2. Animals usually evolve very domain-specific adaptations to handle the daily business of surviving and reproducing. Most of these adaptations are morphological and physiological rather than cognitive, ranging in humans from about 200 different cell types to about 80 different organs. These are typically ‘narrow’ in function rather than ‘general’. There are 206 different bones in the human adult, rather than one all-purpose super-Bone. There are about a dozen types of immune system cells to defend the body against intruders (e.g. eosinophils, basophils, macrophages, dendritic cells, T cells, B cells), rather than one all-purpose super-Defender cell. (For more on this point, see my EA Forum post on embodied values.)

It’s tempting to think of the human brain as one general-purpose cognitive organ, but evolutionary psychologists have found it much more fruitful to analyze brains as collections of distinct ‘psychological adaptations’ that serve different functions. Many of these psychological adaptations take the form of evolved motivations, emotions, preferences, values, adaptive biases, and fast-and-frugal heuristics, rather than general-purpose learning mechanisms or information-processing systems. As we’ll see later, the domain-specificity of motivations, emotions, and preferences may have been crucial in solving the gene/brain alignment problem, and in protecting animals against the misalignment dangers of running more general-purpose learning/cognition systems. 

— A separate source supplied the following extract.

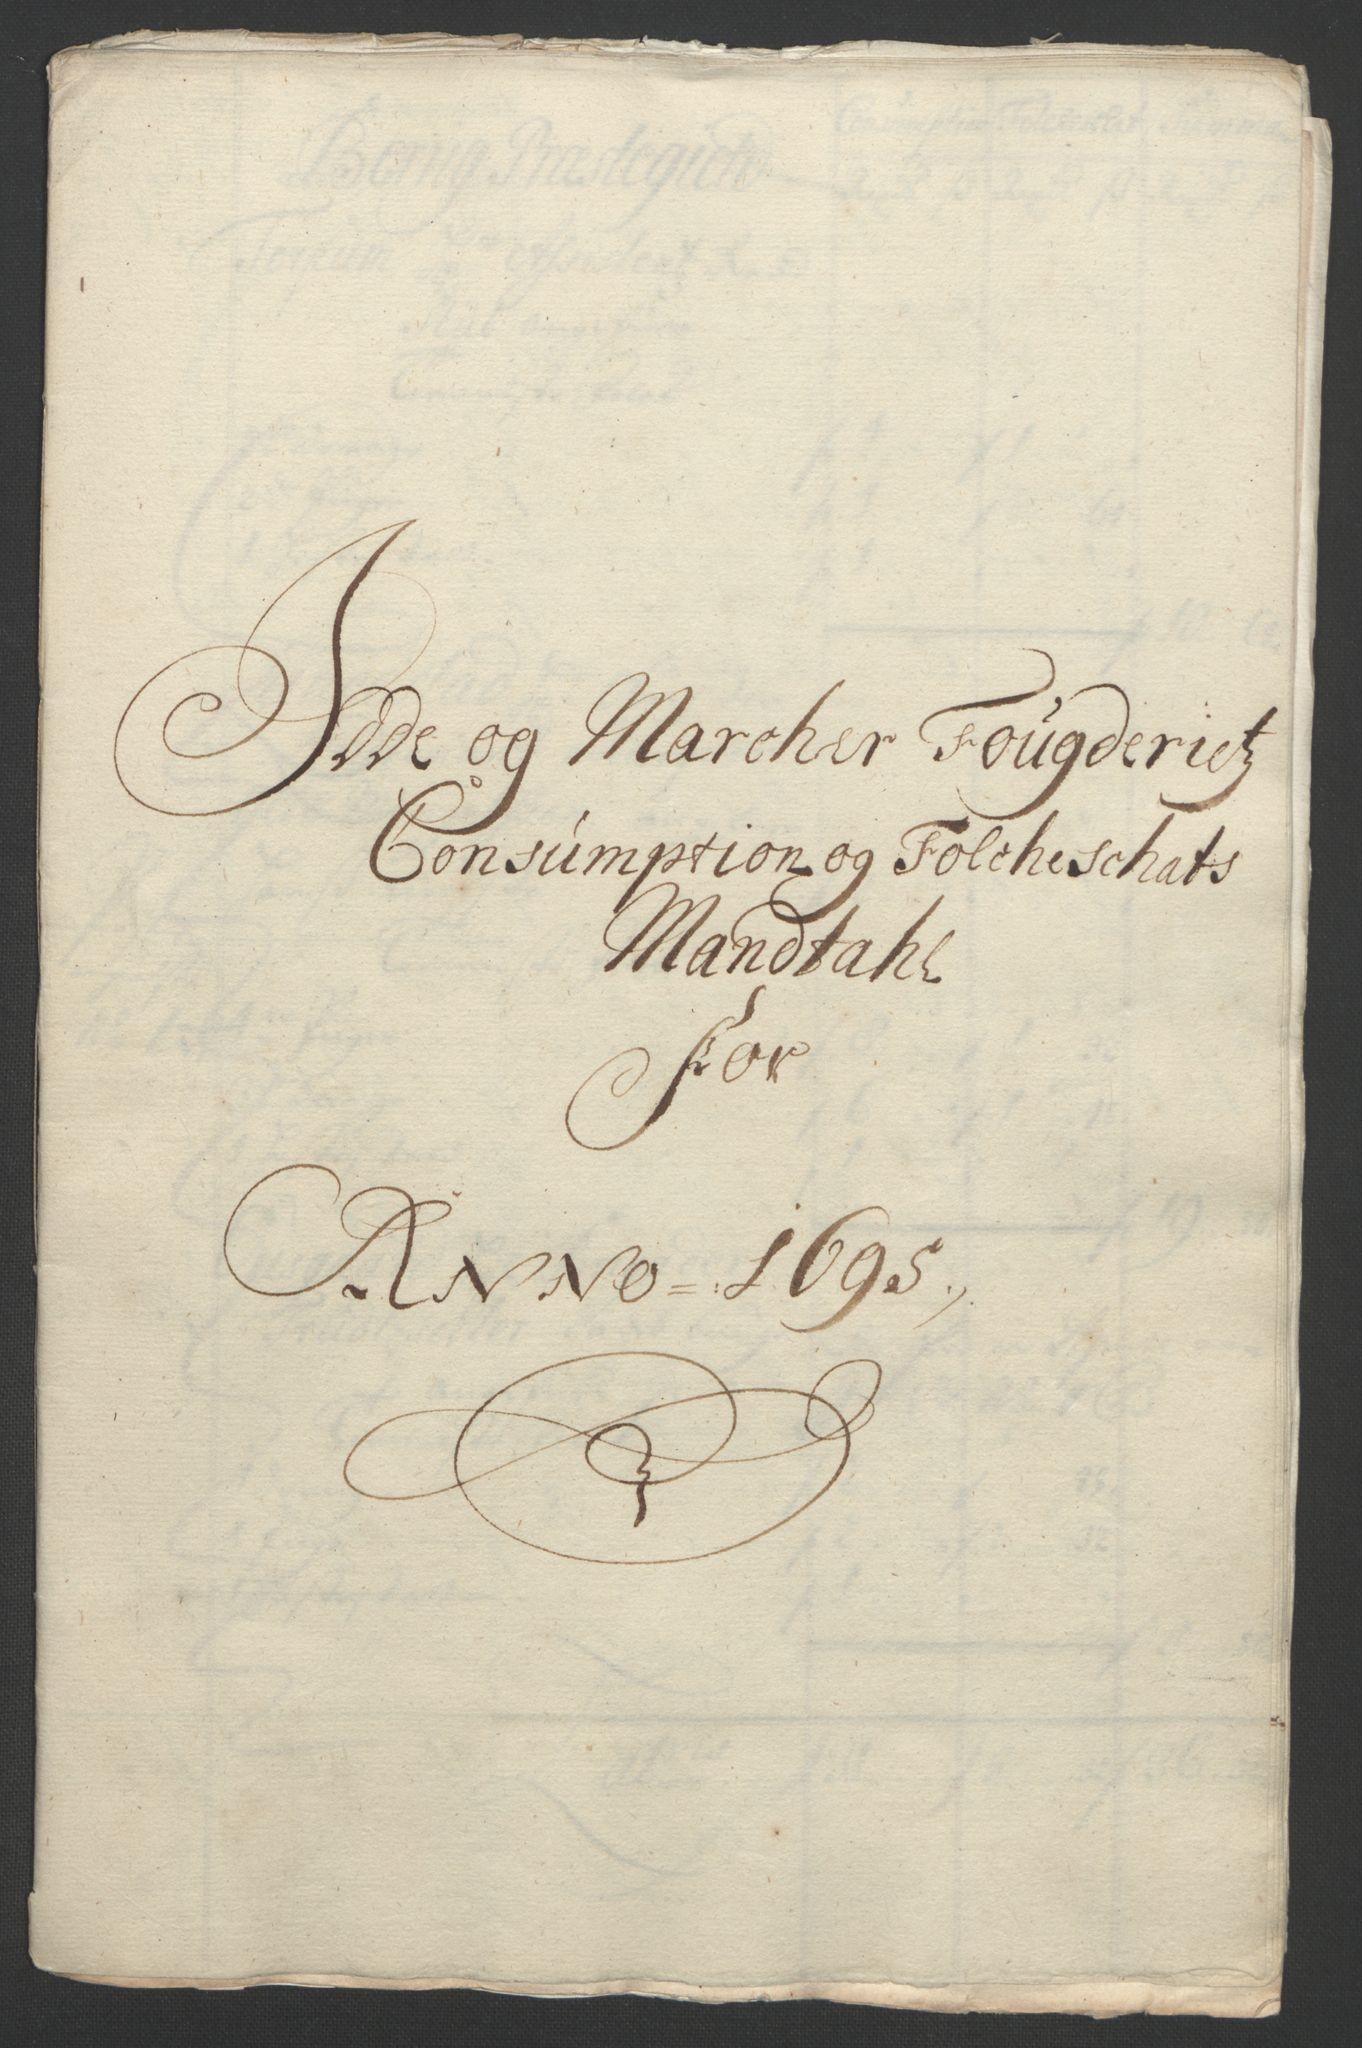 RA, Rentekammeret inntil 1814, Reviderte regnskaper, Fogderegnskap, R01/L0012: Fogderegnskap Idd og Marker, 1694-1695, s. 238

(Note that the existence of ‘general intelligence’ (aka IQ, aka the g factor) as a heritable, stable, individual-differences trait in humans, says nothing about whether the human mind has a highly domain-specific cognitive architecture. Even a highly heterogenous, complex, domain-specific cognitive architecture could give rise to an apparently domain-general ‘g factor’ if harmful mutations, environmental insults, and neurodevelopmental errors have pleiotropic (correlated) effects on multiple brain systems. My ‘pleiotropic mutation model’ of the g factor explores this in detail; see this, this, this, this, and this). Thus, the existence of ‘general intelligence’ as an individual-differences trait in humans does not mean that human intelligence is ‘domain-general’ in the sense that we expect ‘Artificial General Intelligence’ to be relatively domain-general.)

This domain-specific evolutionary psychology perspective on how to describe animal and human minds contrasts sharply with the type of Blank Slate models that are typical in some branches of AI alignment work, such as Shard theory. (See my EA Forum post here for a critique of such Blank Slate models). These Blank Slate models tend to posit a kind of neo-Behaviorist view of learning, in which a few crude, simple reward functions guide the acquisition of all cognitive, emotional, and motivational content in the human mind. 

If these Blank Slate models were correct, we might have a little more confidence that AI alignment could be solved by ‘a few weird tricks’ such as specifying some really clever, unitary reward function (e.g. utility function) that guides the AI’s learning and behavior. However, evolution rarely constructs such simple reward functions when solving gene/brain alignment. Instead, evolution tends to construct a lot of domain-specific reward circuitry in animal brains, e.g. different types of evaluation functions and learning principles for different domains such as foraging, mating, predator-avoidance, pathogen-avoidance, social competition, etc. And these domain-specific reward functions are often in conflict, as when gazelles experience tension between the desire to eat tender green shoots, and the desire not to be eaten by big fierce lions watching them eating the tender green shoots. These motivational conflicts aren’t typically resolved by some ‘master utility function’ that weighs up all relevant inputs, but simply by the relative strengths of different behavioral priorities (e.g. hunger vs. fear).

3. At the proximate level of how their perceptual, cognitive, and motor systems work, animal brains tend to work not as ‘fitness maximizers’ but as ‘adaptation executors’. A ‘fitness maximizer’ would explicitly represents the animal’s fitness (e.g. actual or expected reproductive success) as a sort of expected utility to be maximized in a centralized, general-purpose decision system. ‘Adaptation executors’ guide a limited set of adaptive behaviors based on integrating a limited set of relevant environmental cues. Examples would include relatively ‘hard-wired’ reflexes, emotions, food preferences, mate preferences, and parental motivations.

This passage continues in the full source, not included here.